BEGIN RECORDED DATA

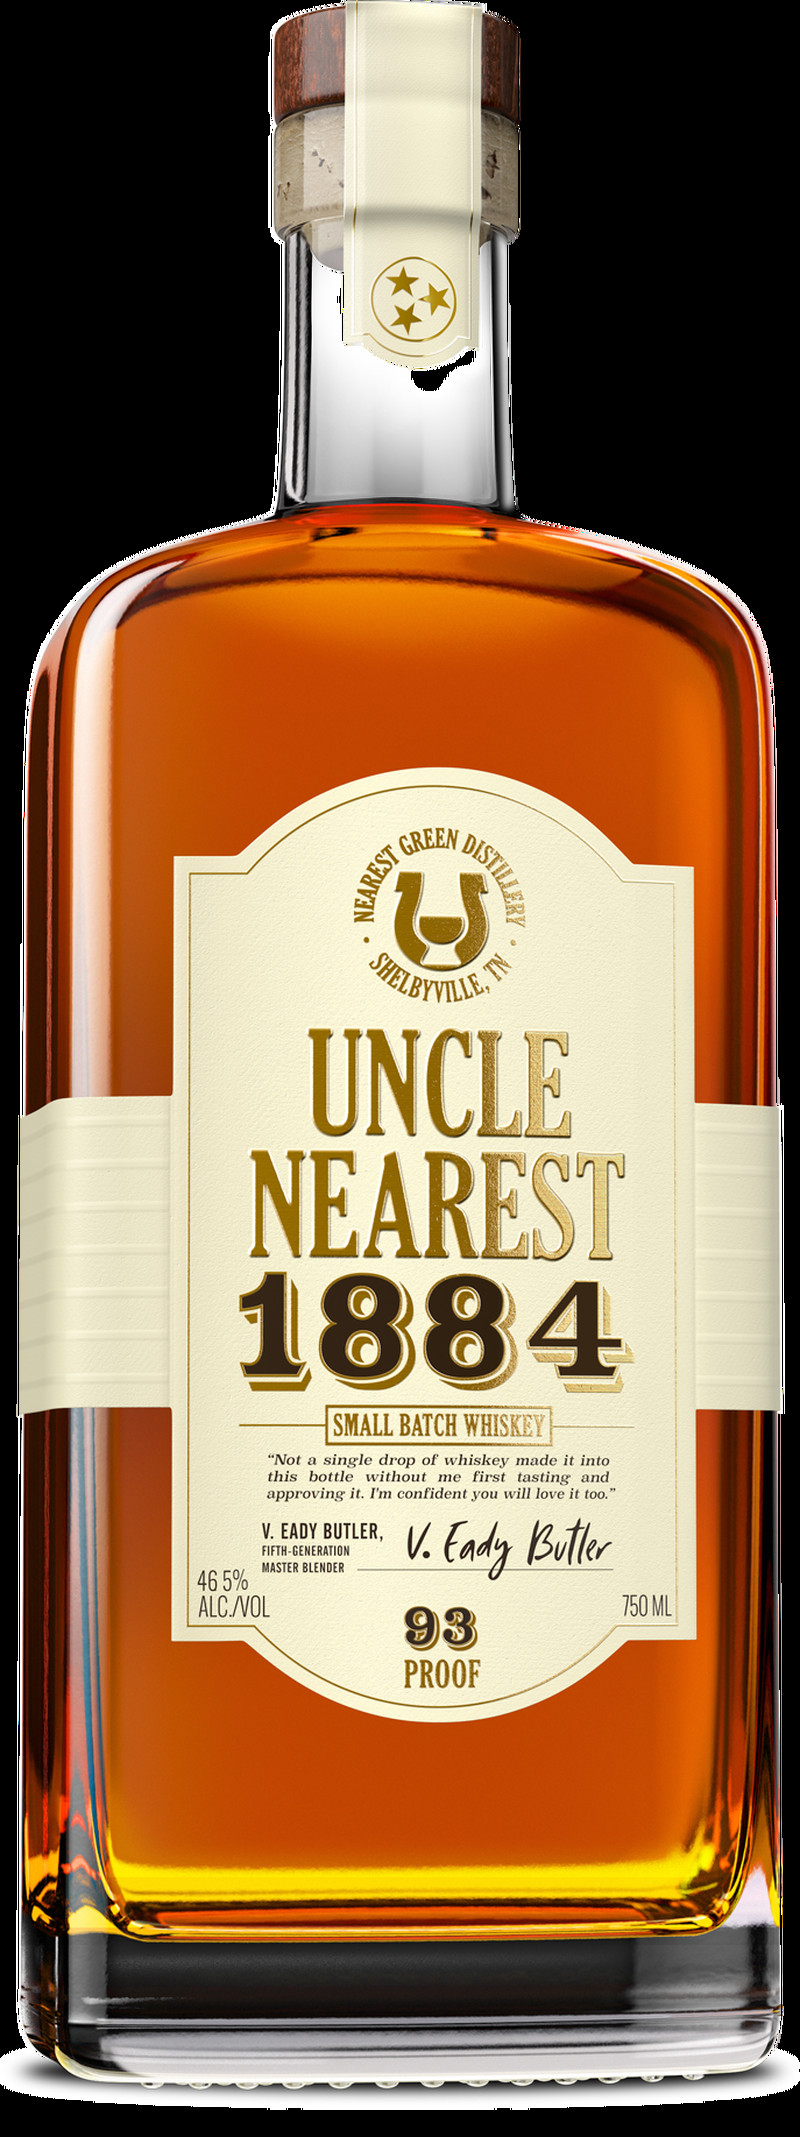 UNCLE NEAREST 1884 SMALL BATCH 93 PROOF WHISKEY
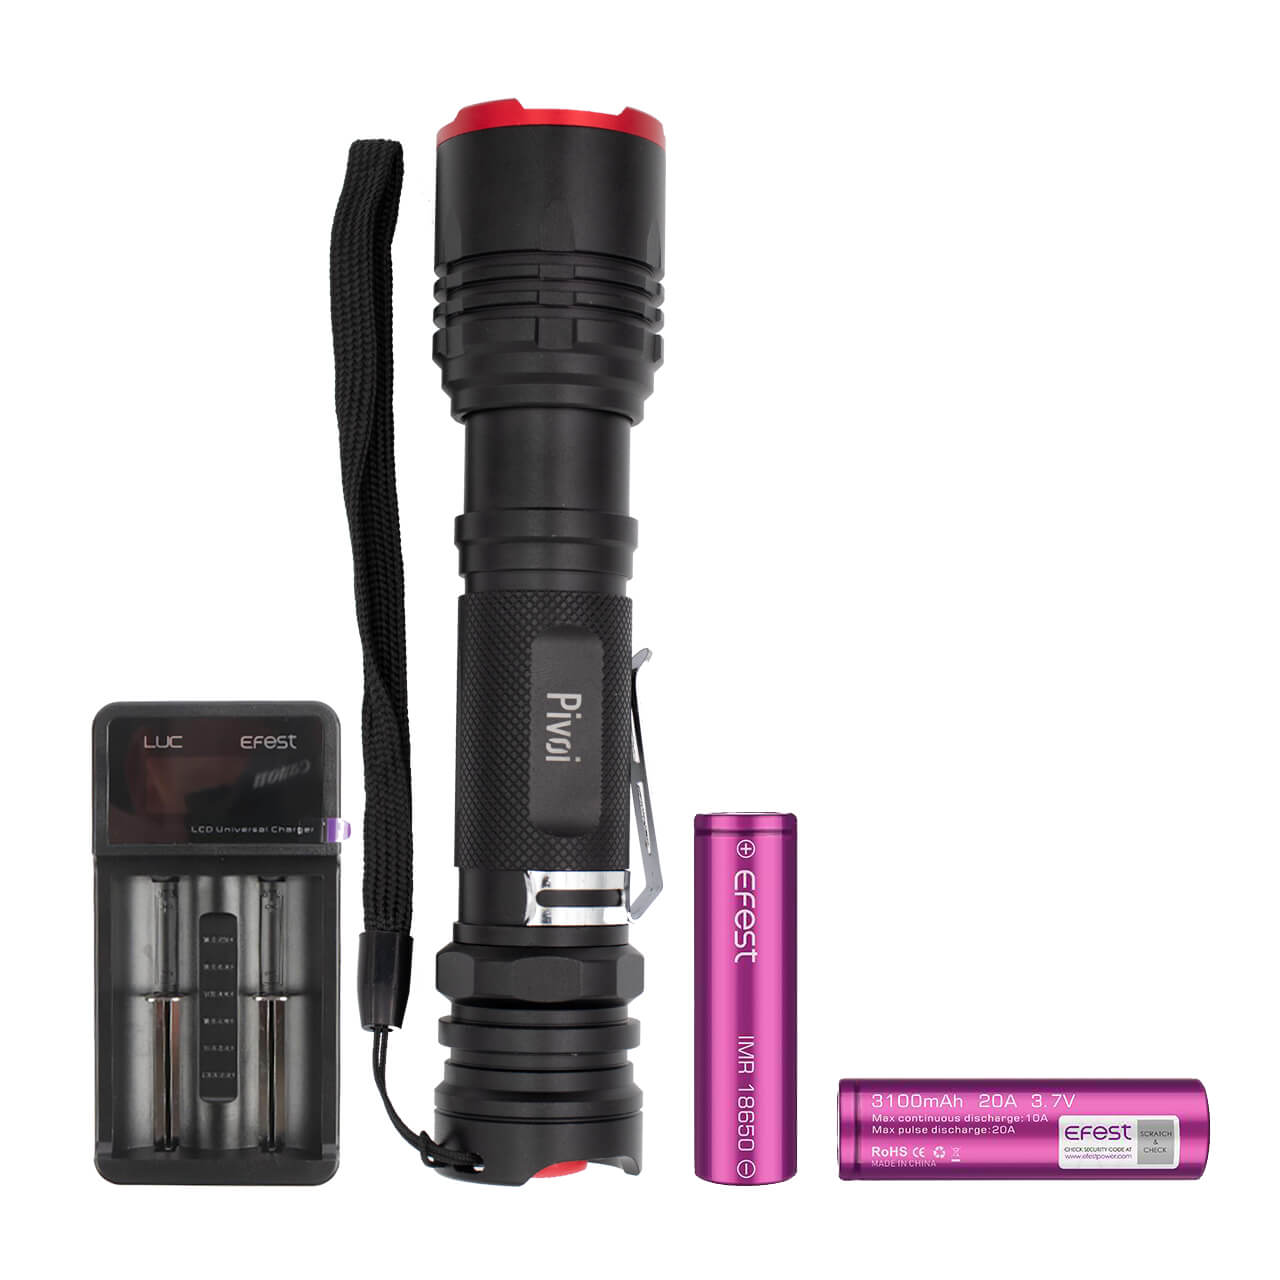 15W IP44 Water Resistant Flashlight with Efest LUC V2 Charger and 2 x 18650 Battery
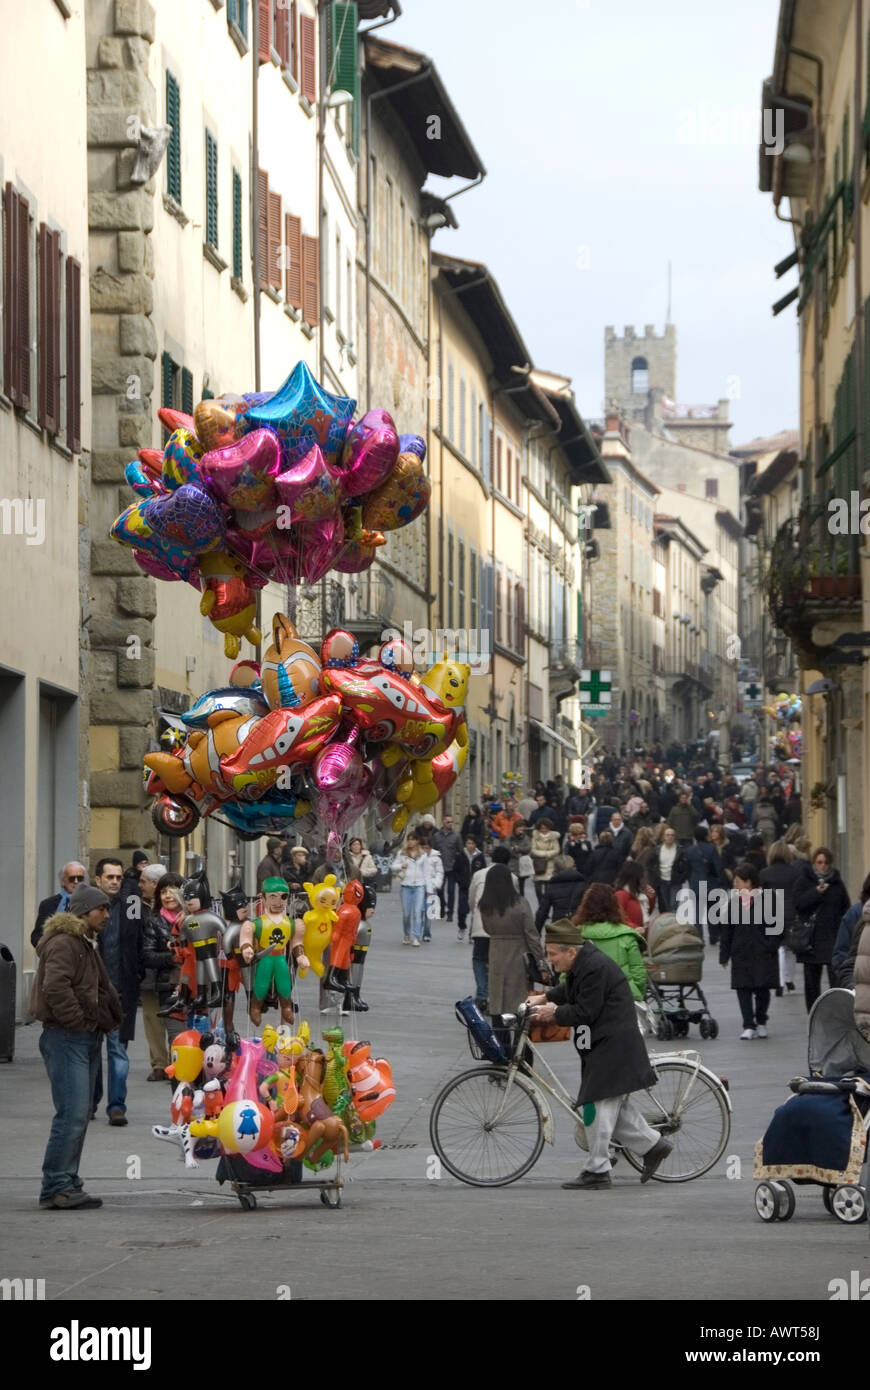 Balloon seller and old man wheels a bicycle across the evening passeggiata in Corso Italia the main shopping street of Arezzo Stock Photo

END RECORDED DATA

- _TASK REQUIREMENTS_
Find the line with "15W IP44 Water" in the listing above, then write it out along with every later line through the last one, exactly, omitting pictures.

- _WRITTEN RESPONSE_
 15W IP44 Water Resistant Flashlight with Efest LUC V2 Charger and 2 x 18650 Battery
 Balloon seller and old man wheels a bicycle across the evening passeggiata in Corso Italia the main shopping street of Arezzo Stock Photo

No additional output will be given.